Administration cracks down on dissenters

Coronavirus concerns do not obliterate your contractual obligations to students and faculty.

Northwestern University is the latest institution to get called out for trampling its own rules in its response to the COVID-19 outbreak, by going over the heads of faculty to tell students that finals were optional.

Provost Jonathan Holloway, who belatedly defended faculty under siege while at Yale, emailed the community Sunday night to say that undergraduates can opt out of finals and instead take a letter grade based on their coursework to date, The Daily Northwestern reported.

He also gave them the option to change their grades to pass/fail. No reason must be given in order for students to opt out of finals.

Just two days earlier the administration had “encouraged — but didn’t mandate — professors to give their final exams remotely or as take-home tests,” the newspaper said.

Some professors contradicted Holloway in emails to students Monday morning, saying they had already made accommodations but would not go along with Holloway’s order, the Daily reported. The administration didn’t take it lightly.
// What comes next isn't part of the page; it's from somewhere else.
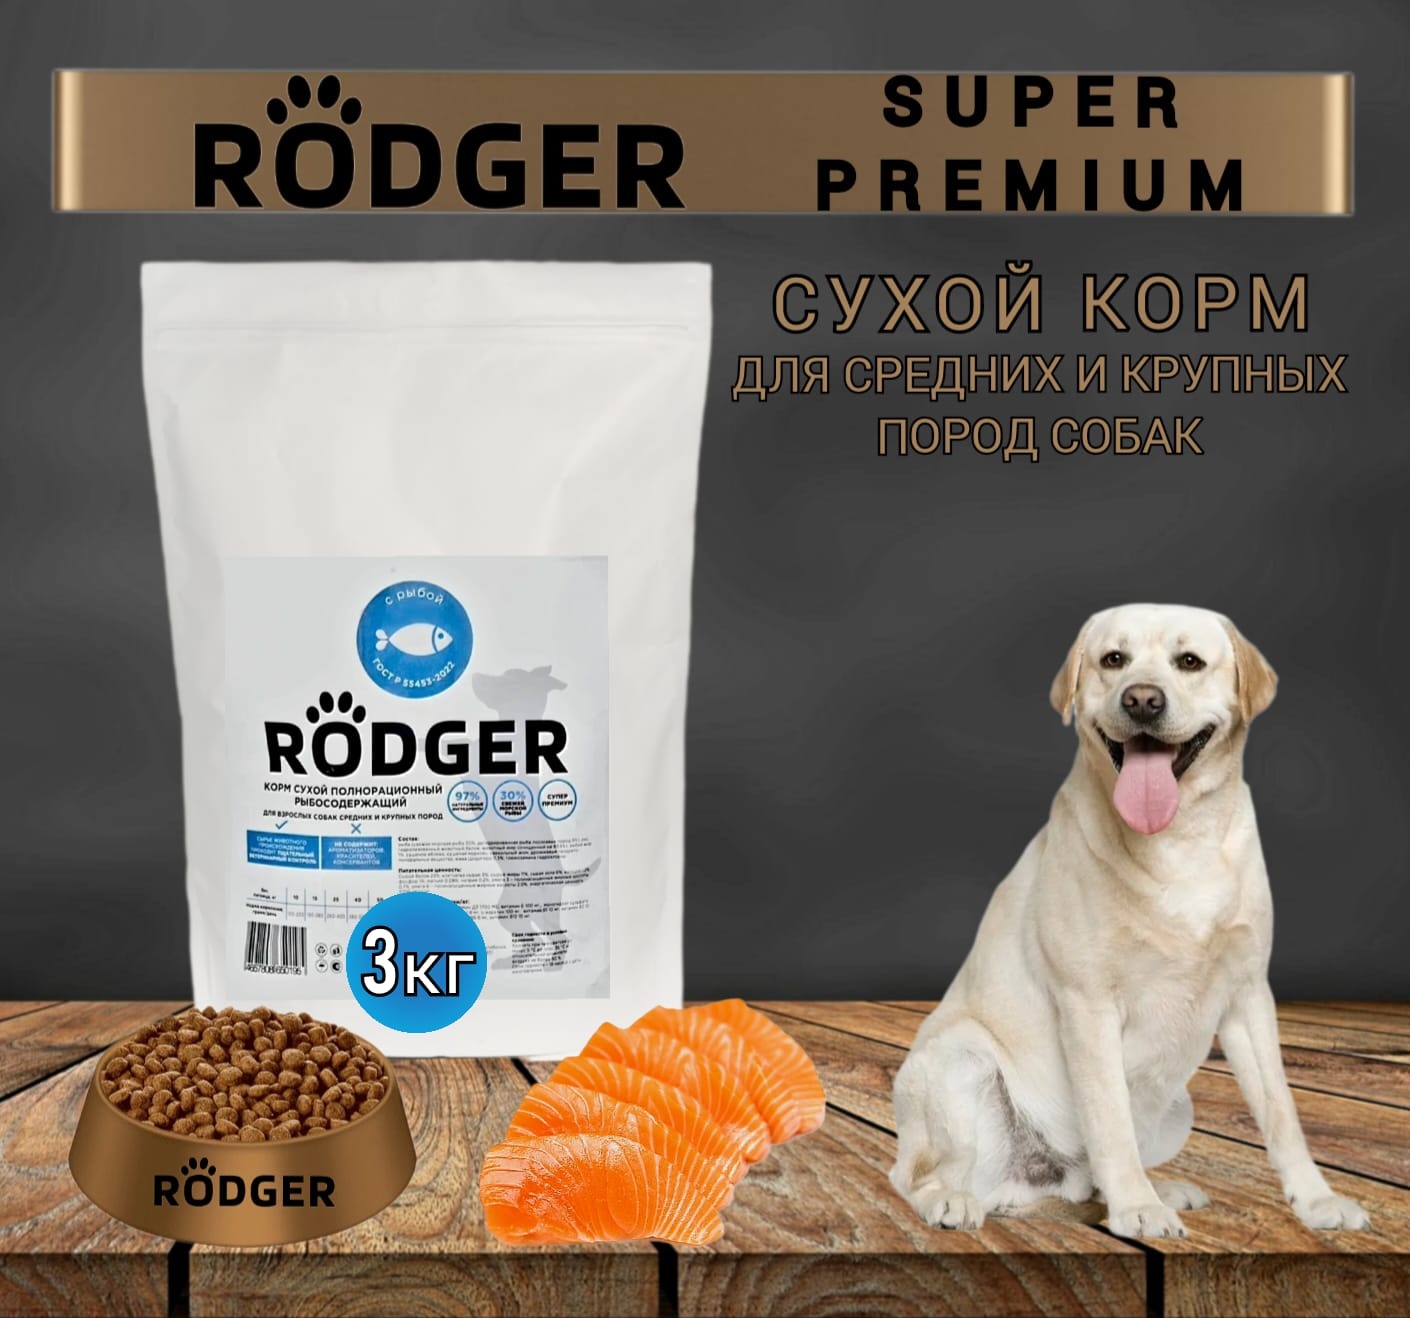 Сухой корм для собак RODGER Super Premium, для средних и крупных пород, рыба, 3 кг
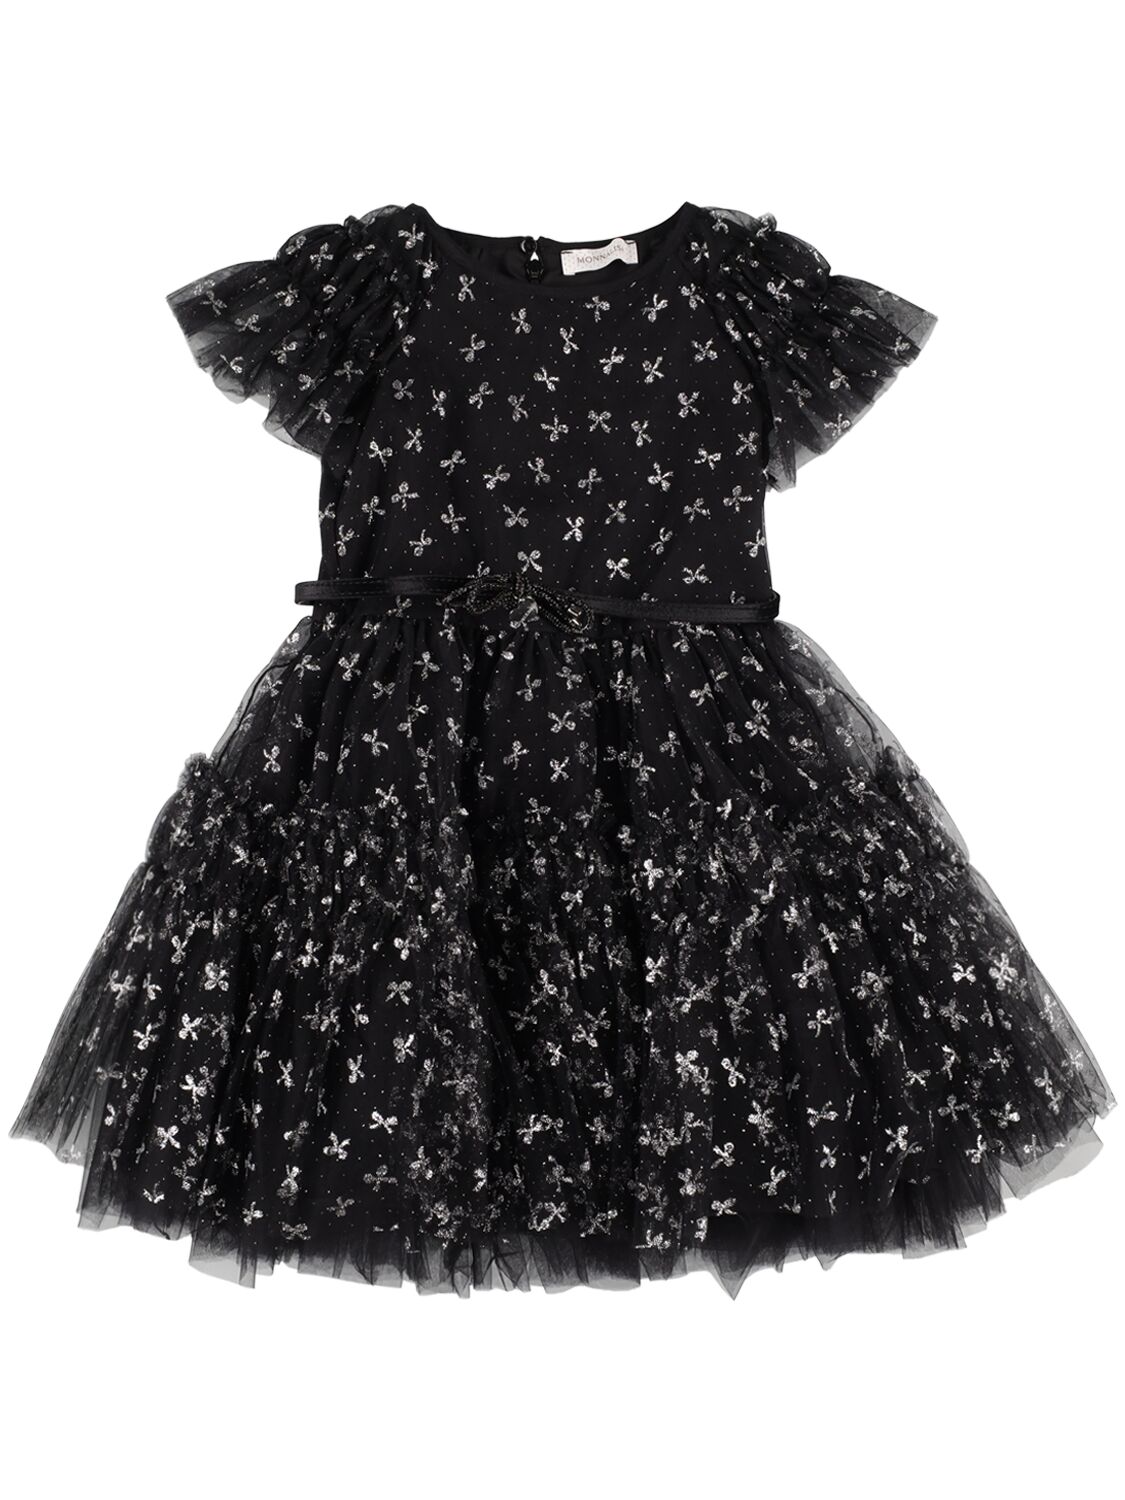 Monnalisa Kids' Tulle Dress W/ Glitter Bow In Black

Statistics professor Martin Tanner got warned by his dean for telling students he would not make the final optional “for your own good,” and that the coronavirus would likely “pass in a few days” for students who caught it:

He later reached out to students again to “deeply apologize for any anxiety” his initial message caused after the school’s dean contacted him, and announced that students would be able to opt not to complete their take-home assessment and receive a final grade. Tanner did not respond to multiple requests for comment.

Jacqueline Stevens, a political science professor, flat-out told her students the administration “lacks any administrative authority” to make finals optional or change her own extensive accommodations, including a more important final paper to account for canceled in-person exams: “Only instructors have the authority to create, evaluate, modify, or eliminate the assessments for your final letter grade.”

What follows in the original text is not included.